HW#4 --- last modified April 06 2020 23:25:14.
Solution set.
Due date: Apr 17
Files to be submitted: Hw4.zip
Purpose: To get more practice with the CFG algorithms, PDAs, compression algorithms learned in class as well as write down our first TMs.
Related Course Outcomes:
The main course outcomes covered by this assignment are:
LO1 (Learning Outcome 1) -- Write a grammar for a language described otherwise.
LO7 -- Be able to use a pumping lemma to show that some languages are not regular and/or not context-free Use closure properties to simplify proofs of non-regularity of languages.
LO8 -- Be able to construct a pushdown automaton accepting a given language.

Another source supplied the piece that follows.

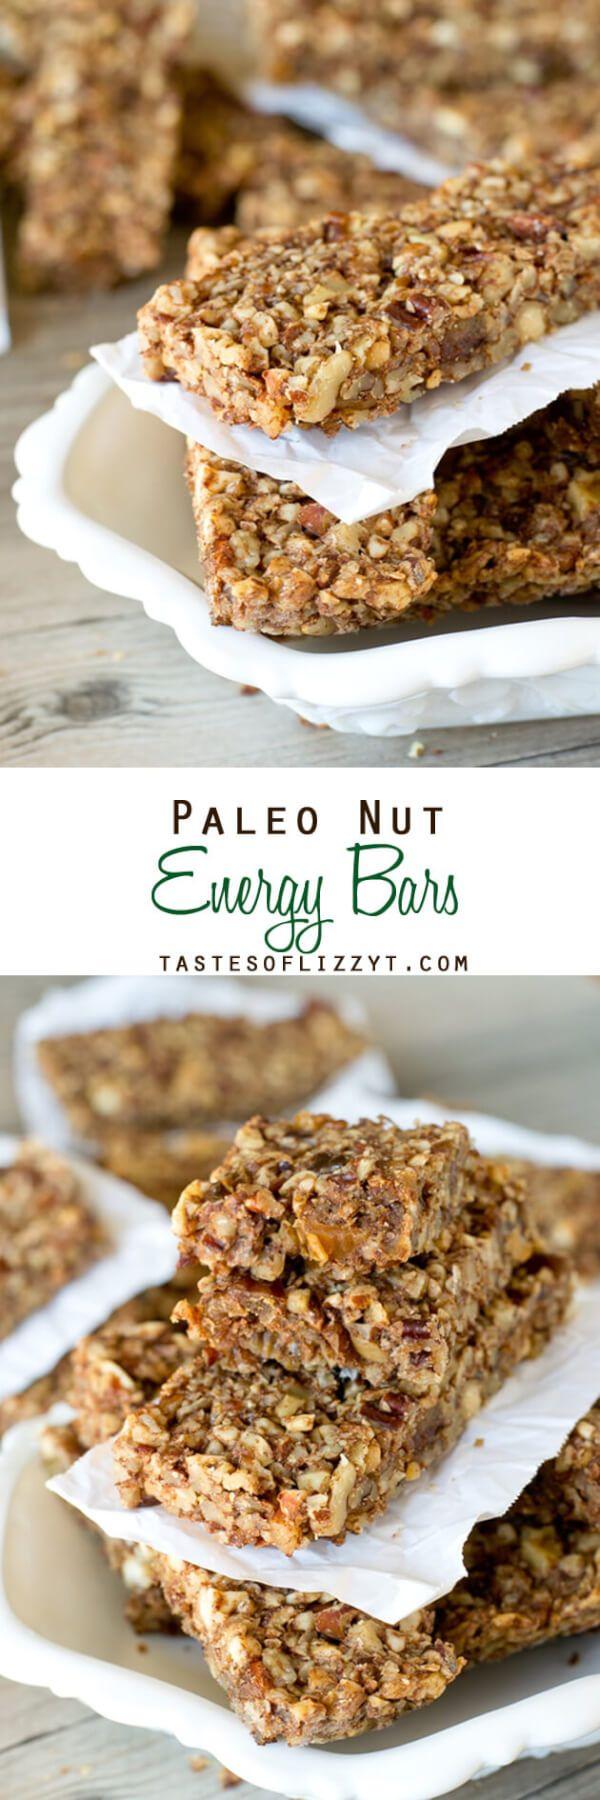 Paleo Nut Energy Bars Recipe

LO9 -- Construct a Turing machine accepting some simple languages.
Description:
This homework consists of the exercises below. Your work for all portions of this assignment should be submitted in the file Hw4.zip. Within this file, you should have a readme.txt listing each team mate. You should put the exercise solutions in the file Hw4.pdf.
- Show step-by-step how the string 00001001001 would be compressed by the SEQUITUR algorithm.
- Draw a PDA for the language `L` over `{0,1}` consisting of strings with twice as many `0`'s as `1`'s (0.5pt). So 001010001 would be in this language. Next draw a DFA recognizing `0^star1^star` (0.5pt). Use the algorithm from class to draw a PDA for the intersection of these two languages (1pt).
- Draw a PDA for the language `{ww^R | w in {0,1}^{star}}` (2pts).
- Show step-by-step how the algorithm from class for checking if a language of CFG is infinite would operate on the grammar you got for problem (1) in this group.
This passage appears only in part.